**Data**
□ □ □ □ □ □ □
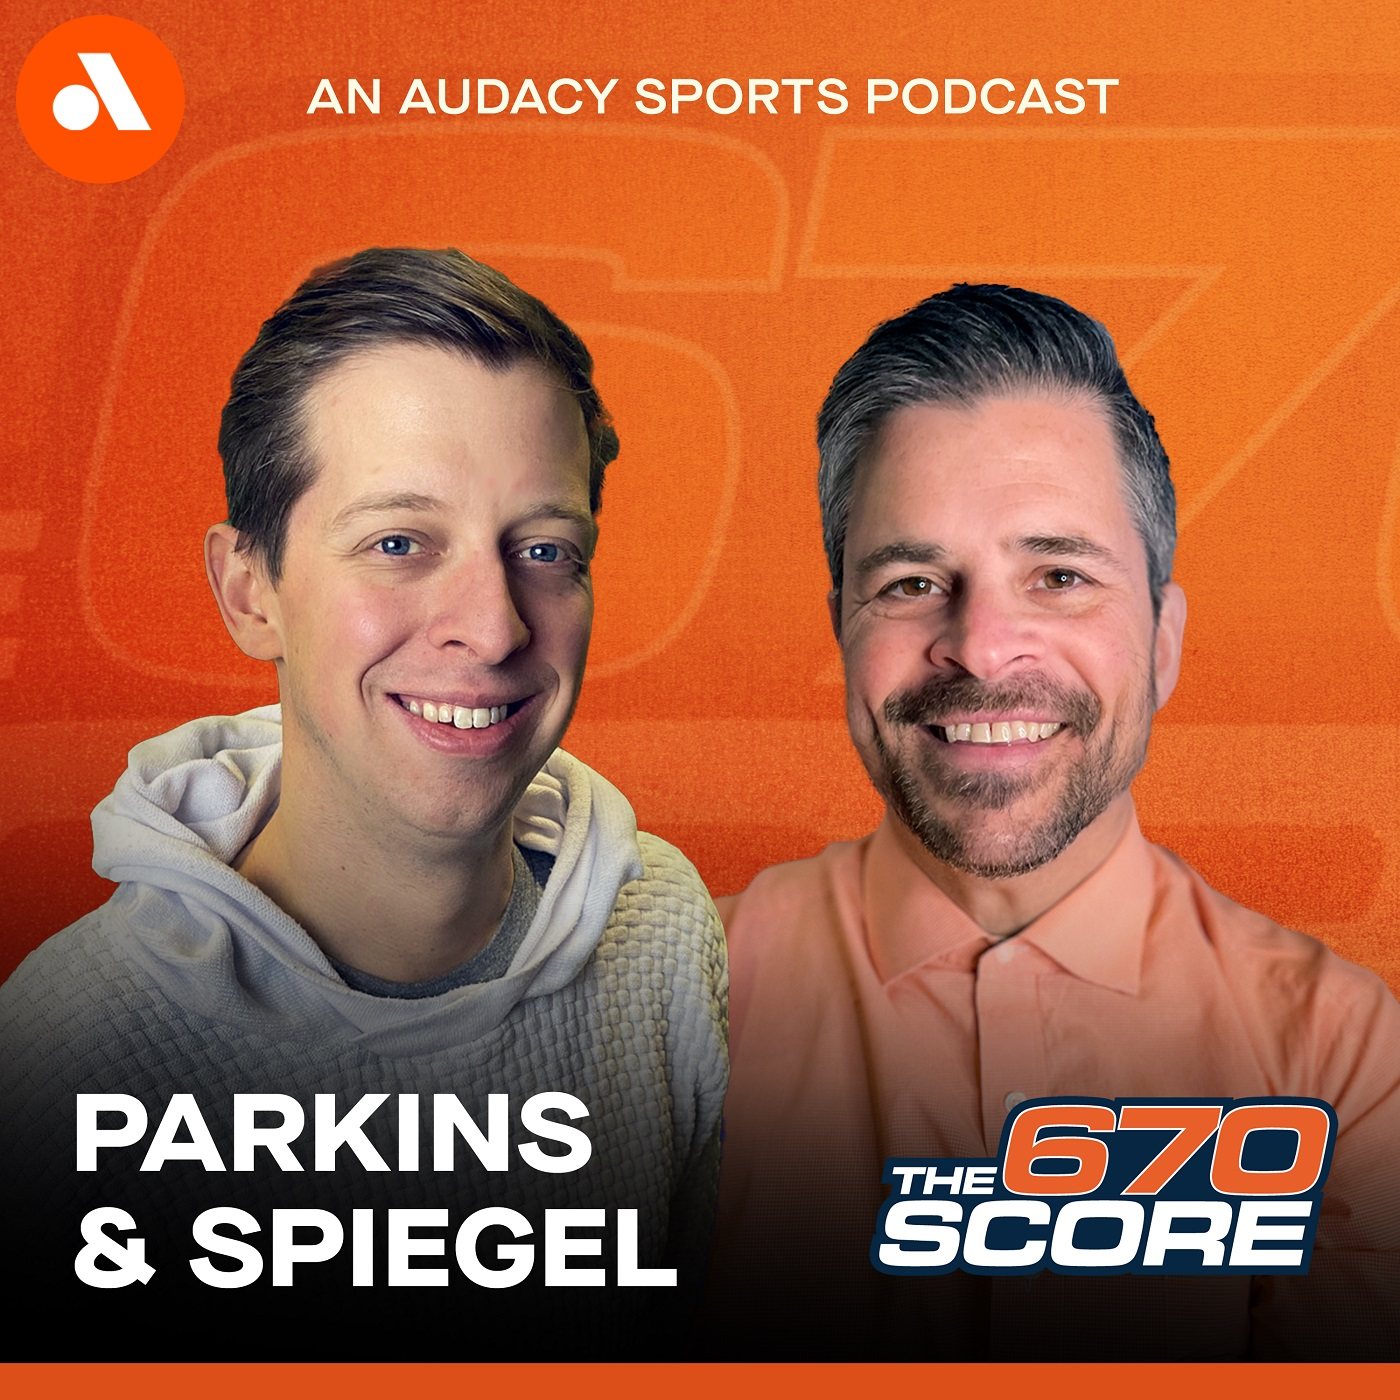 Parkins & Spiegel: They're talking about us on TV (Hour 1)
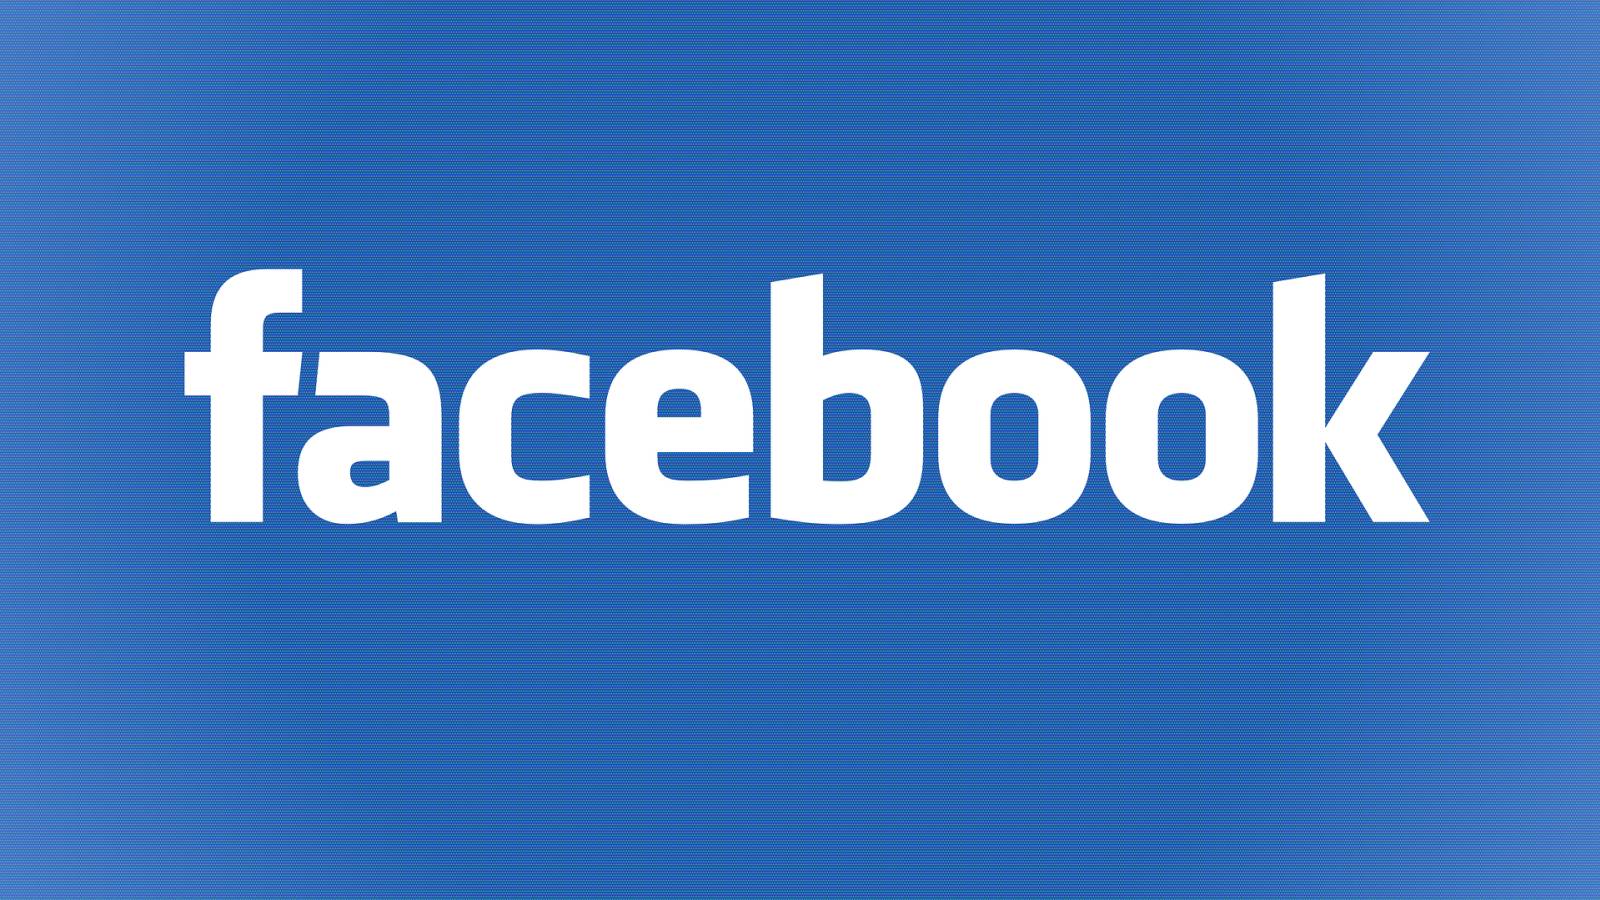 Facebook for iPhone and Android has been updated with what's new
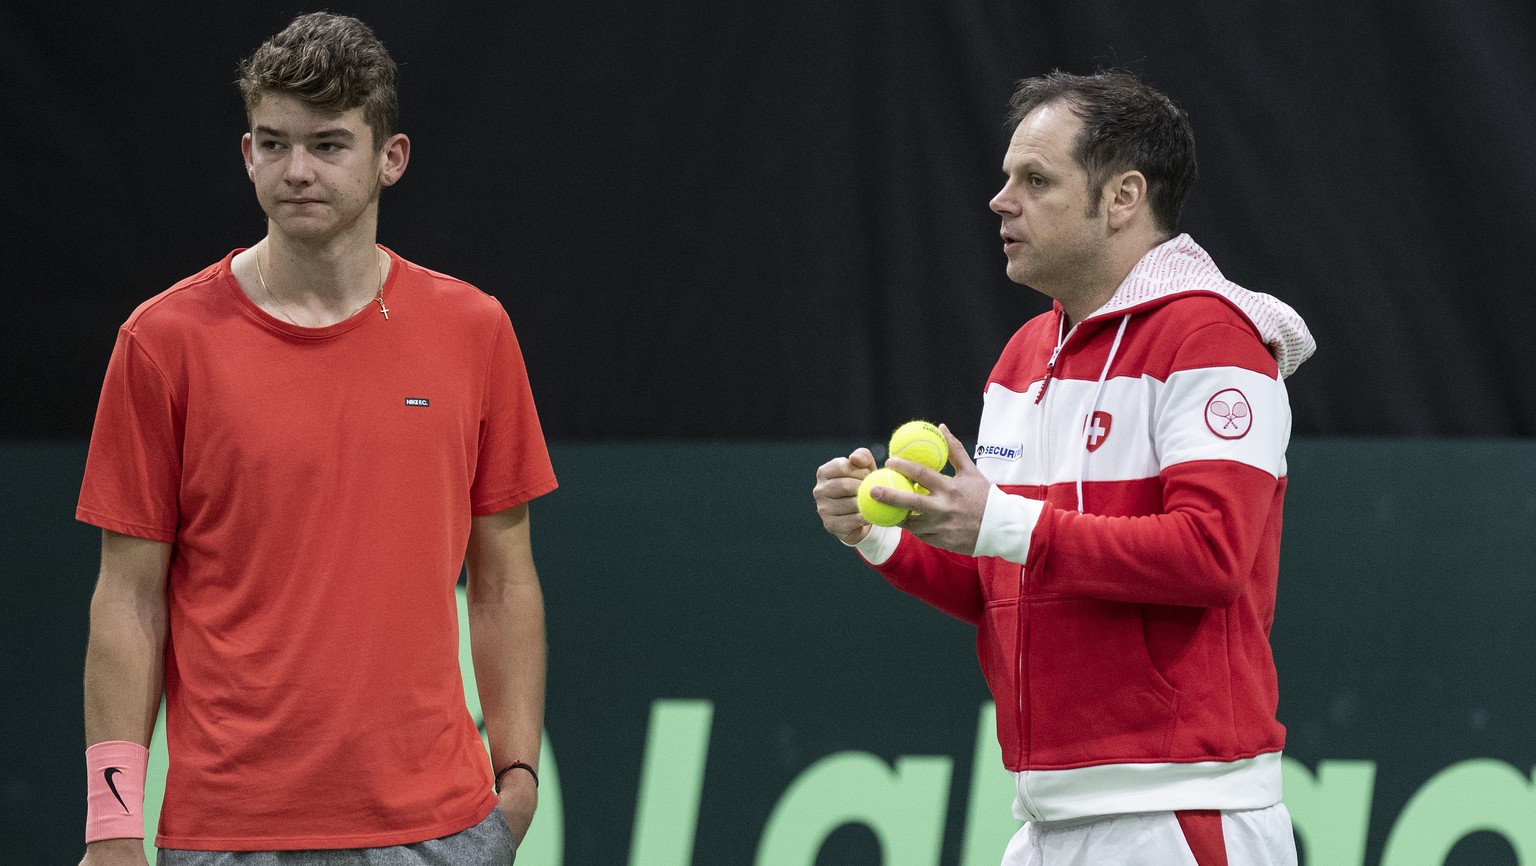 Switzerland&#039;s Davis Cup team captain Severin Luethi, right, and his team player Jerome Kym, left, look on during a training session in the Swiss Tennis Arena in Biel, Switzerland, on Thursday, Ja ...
□ □ □ □ □ □ □
**What needs to be done**
Please set the data above down exactly, with the pictures removed.

**Exercise answer**
 Parkins & Spiegel: They're talking about us on TV (Hour 1)
 Facebook for iPhone and Android has been updated with what's new
 Switzerland&#039;s Davis Cup team captain Severin Luethi, right, and his team player Jerome Kym, left, look on during a training session in the Swiss Tennis Arena in Biel, Switzerland, on Thursday, Ja ...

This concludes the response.